I love arbitrary escaping, but backslash may not be The One

UPDATE: While I tried to investigate alternatives to apostrophe for escaping, eventually I decided there just aren't any better options. So apostrophe is used in arbitrary escaping via QUOTED!, which has been working out very well...and is truly appearing to have been a missing critical ability.

We now have a generalized variation of LIT-WORD! and LIT-PATH! you can use on any type, to any depth. Evaluation just picks one level of escaping off when it sees an escaped value, but otherwise leaves the value as-is.

>> \(1 + 2)
== (1 + 2)

>> \\\a
== \\a

More examples

The feature is a paradigm shift, it changes many things in the system for the better...more efficient, more general, more expressive.

But it was implemented with the backslash character for starters. And I'm not feeling the love for the backslash so much.

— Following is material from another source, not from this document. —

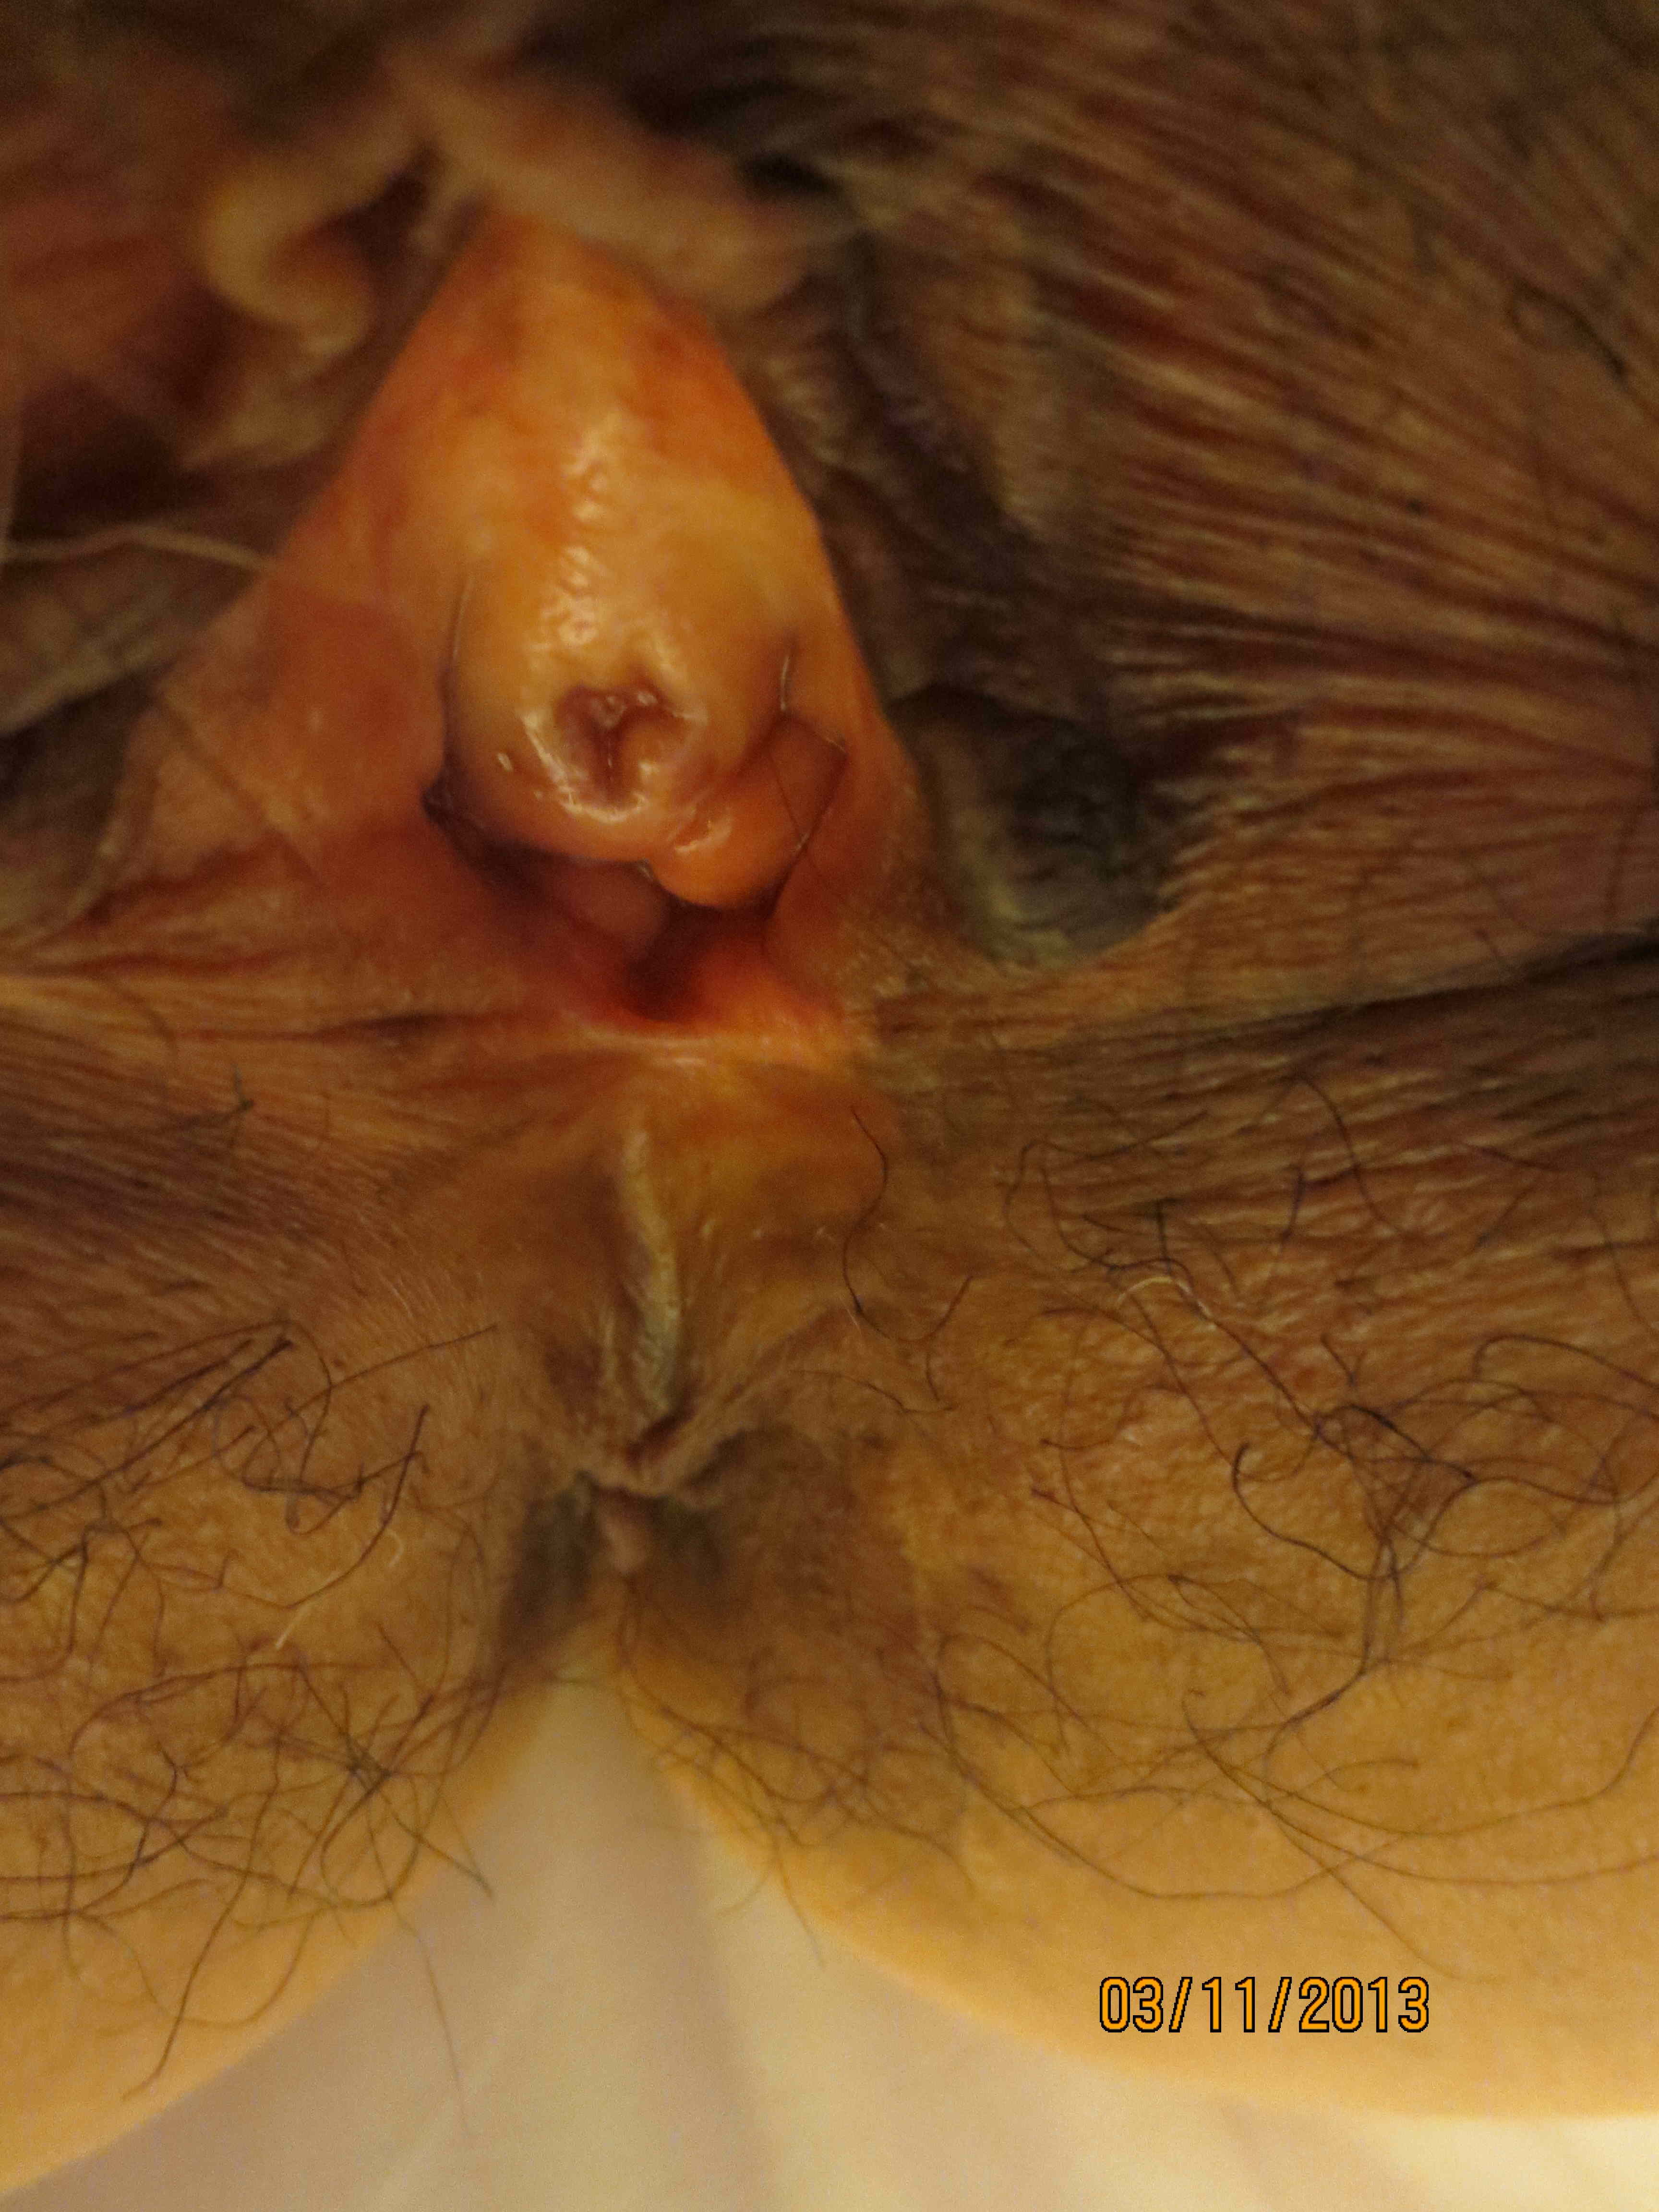 secret monster hole hairy pussy close up on yuvutu homemade amateur porn movies and sex videos 1 picture image

  • It looks bad with paths. \a/b/c
  • It looks bad with bars. \|
  • It looks ridiculous with single slash \/
  • It caused a crisis of faith between me and // comments, because everything started looking "too slashy".
  • Every time I try to type something on StackOverflow about it, the formatting messes up, even when I put it in code backticks. Even with two minutes to edit the post, sometimes I can't manage to fix it in time.
  • While it is unshifted on my keyboard, it annoys my pinky enough to reach it that it's almost as irritating to type as a shifted character.

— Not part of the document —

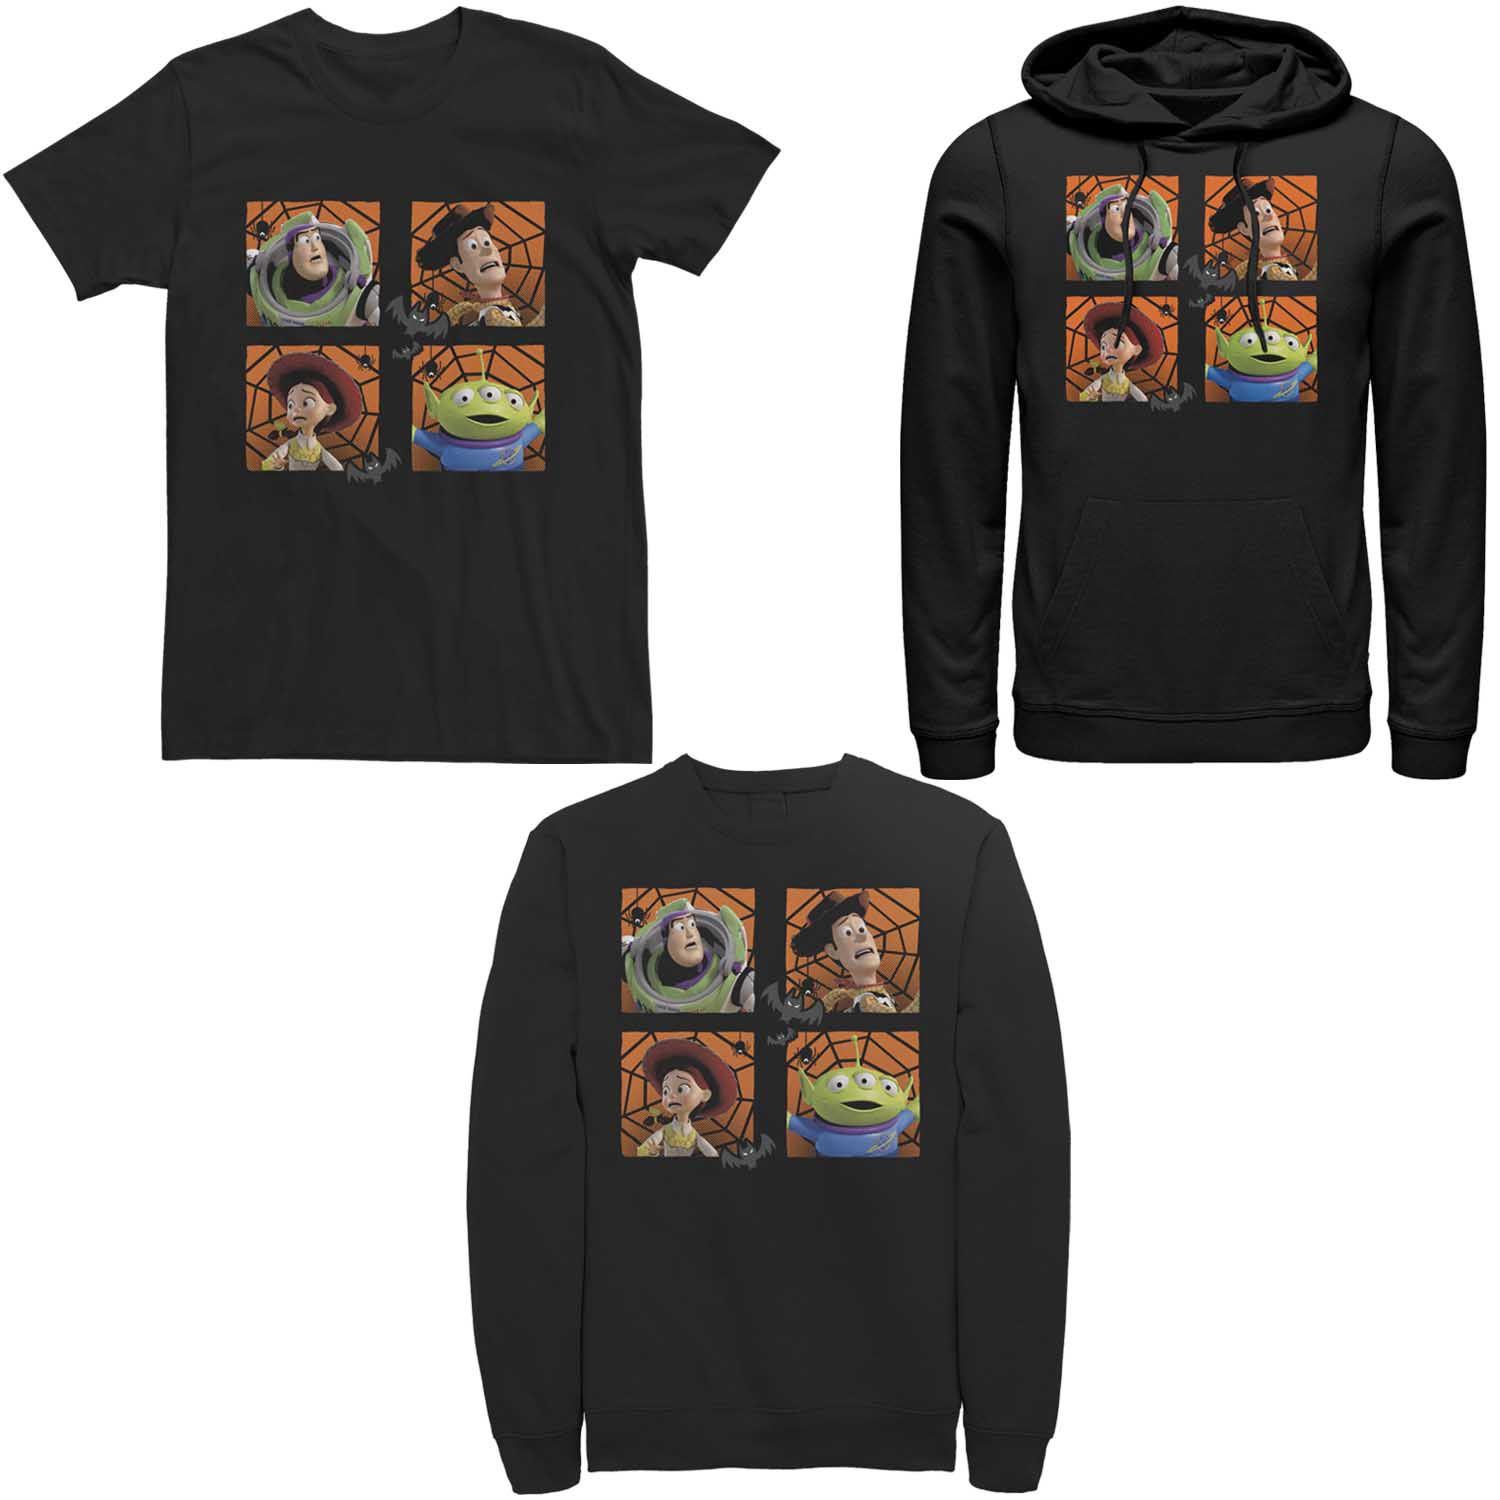 Image for Disney / Pixar Men's Toy Story Trick-or-Treat Halloween Tops at Kohl's.

It would seem we don't have a lot of characters to choose from in Rebol's saturated space. And I've already said my piece about apostrophes.

My gut says we need another character. Which one? :-/

Bear with me here, but...

What about stealing % from FILE! (and killing FILE!?)

Unlike the syntax of URL!, there is nothing universal about % being a character for representing files. It's a Rebolism. Filenames and paths are just strings and can look like anything.

Whenever I get in a mood to talk about "NewPath", I stress that Rebol should use PATH! as the structural form of files. You should be able to put GROUP!s in them that evaluate...you should put BLOCK!s in them that UNSPACED, you should be able to do a for-each on them and visit each segment without using some other path unstructuring tool.

"but paths execute", people would say. Well, then there came the idea that you could put a FILE! at the head, so %foo/baz/bar.txt would be a three-element path, the first element being a FILE!. And you'd somehow have a rule that if an inert item were at the head of a path it wouldn't run. (of course, now bringing in a difference in behavior of (%foo)/baz/bar.txt. How could you put a GROUP! at the head of a FILE!, showing a place you wanted evaluation, but not evaluating immediately?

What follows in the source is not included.